Die libysche Gesellschaft blieb jedoch auch in den Industriezentren tief gespalten: Wissenschaftliche und technische Führungskräfte wurden in der Regel aus Westeuropa importiert, Verwaltungspersonal und mittleres Management stellten die Einheimischen, während die niederen Arbeiten von Migranten aus den Nachbarländern verrichtet wurden.

Immerhin konnte nach der politischen Öffnung Libyens von westlichen Stellen erstaunt konstatiert werden, daß es sich um ein wohlhabendes Land mit einer modernen Infrastruktur und geringer Analphabetenrate handelte, die Bevölkerung mit allem Notwendigen versorgt wurde und – im Gegensatz zu den meisten Nachbarstaaten – keine bettelnden Kinder auf den Straßen zu sehen waren.


Teil 2: Schaukelpolitik im Zeichen der Krise

Die zuweilen äußerst abenteuerliche Politik der Volks-Dschamahirija ist zumindest in den Anfangsjahren mit Ghaddafis entschiedenem Haß auf den europäischen Kolonialismus zu erklären. Für die angestrebte Modernisierung der libyschen Gesellschaft fand der Revolutionäre Militärrat in der panarabischen Ideologie eine geeignete politische Programmatik.

Als die britischen und US-amerikanischen Militärstützpunkte geschlossen wurden, konnte sich der Revolutionsrat des Beifalls der libyschen Bevölkerung, der übrigen arabischen Welt und des sozialistischen Osteuropas sicher sein. Um mit den ehemaligen Kolonialmächten und den USA militärisch gleichzuziehen, unternahm Libyen in den Folgejahren mehrere – vergebliche – Versuche, das eigene Militär mit Massenvernichtungswaffen aufzurüsten.

Getreu dem Motto »Der Feind deines Feindes ist dein Freund« unterstützte Ghaddafi in den 1970er und 1980er Jahren verschiedene militante Gruppen der westeuropäischen und palästinensischen Linken; libysche Geheimdienstler sollen auch persönlich in verschiedene Anschläge verwickelt gewesen sein. Dieser Verdacht diente seit 1973 immer wieder als Anlaß, Libyen mit Wirtschaftssanktionen zu belegen. In den 1980er Jahren erfolgten Zusammenstöße mit dem US-Militär, das schon damals, am 14./15. April 1986, die Hauptstadt Tripolis bombardiert hatte.

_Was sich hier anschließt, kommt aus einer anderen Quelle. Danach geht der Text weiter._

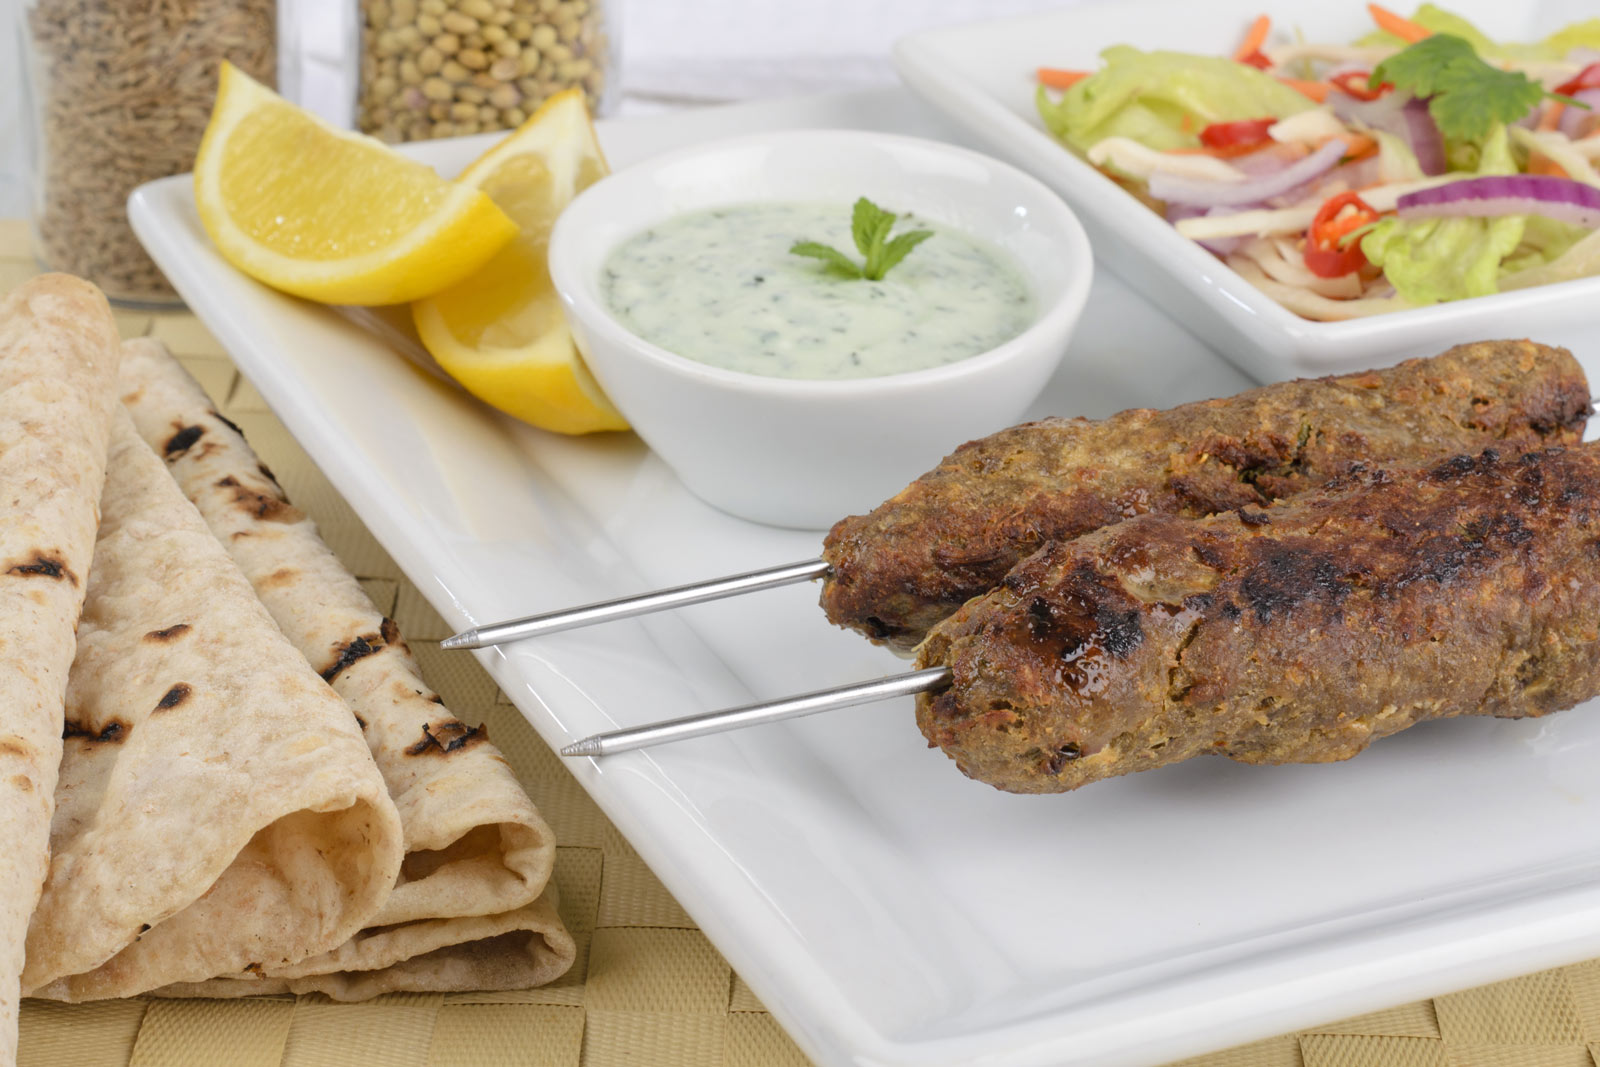 Kakori kebab and galauti kabab are traditional dishes with more than 100 years of history

Im Sinne der panarabischen Ideologie unternahm Ghaddafi zahlreiche Versuche, Libyen mit verschiedenen Nachbarstaaten in einer Union zusammenschließen. Sämtliche dieser Projekte scheiterten entweder schon in der Verhandlungsphase oder aber hatten langfristig keinen Bestand. Ebenfalls aus der panarabischen Ideologie heraus sind Ghaddafis heftige Verbalattacken gegen Israel zu verstehen. Er ließ es jedoch nie zu einer offenen militärischen Konfrontation kommen, auch nicht, als die israelische Luftwaffe im Februar 1973 über der Sinai-Halbinsel ein libysches Passagierflugzeug abschoß.

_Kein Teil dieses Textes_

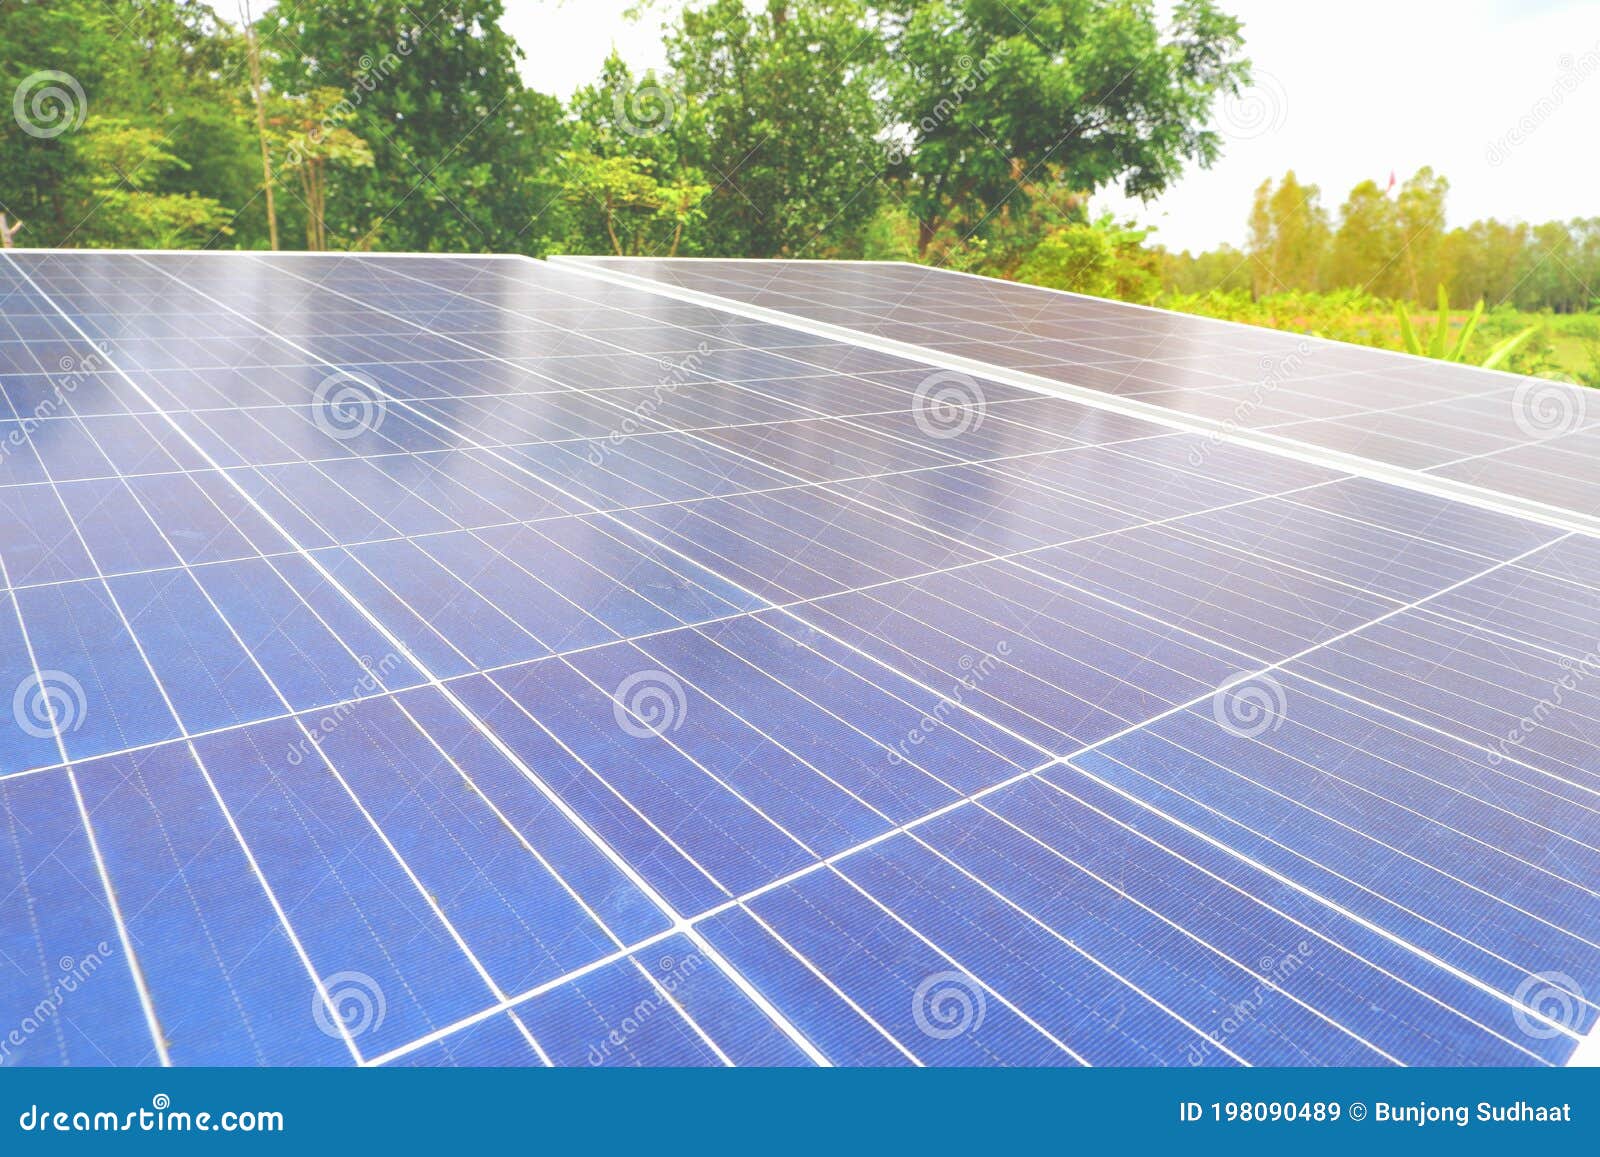 solar panal for generation free power from natural.

Das libysche Militär führte jahrelang einen unerklärten Krieg gegen das Nachbarland Tschad, da Libyen die Grenzziehung zwischen den damaligen Kolonialmächten Italien und Frankreich nicht anerkannte. Hintergrund der Auseinandersetzungen waren aber in Wahrheit die Uranerzlagerstätten in diesem Gebiet. Libyen unterstützte Rebellenverbände im Tschad mit Waffen und Geld und rüstete eine multinational zusammengewürfelte »islamische Legion« auf. Nach dem militärischen Eingreifen Frankreichs erlitt Libyen eine Niederlage, Ghaddafi mußte schließlich seine Truppen aus dem Tschad zurückziehen.

In den 1990er Jahren trat in der libyschen Führung an die Stelle der gescheiterten panarabischen Ideologie zeitweilig eine panafrikanische: Ghaddafi machte palästinensische Arbeitsmigranten für die zunehmende Ausbreitung des Islamismus verantwortlich und ließ Zehntausende von ihnen ausweisen. Da die libysche Wirtschaft auf ausländische Arbeitskräfte angewiesen war, öffnete Ghaddafi in der Folge die Grenzen für Arbeitsmigranten aus dem Süden, gefiel sich mehrere Jahre lang in heftiger Parteinahme für schwarzafrikanische Staaten und ließ sich in einer PR-Aktion von 200 afrikanischen Fürsten und Königen zum »König der Könige« krönen. Später schloß Libyen seine südlichen Grenzen wieder und warf einen großen Teil der afrikanischen Gastarbeiter aus dem Land.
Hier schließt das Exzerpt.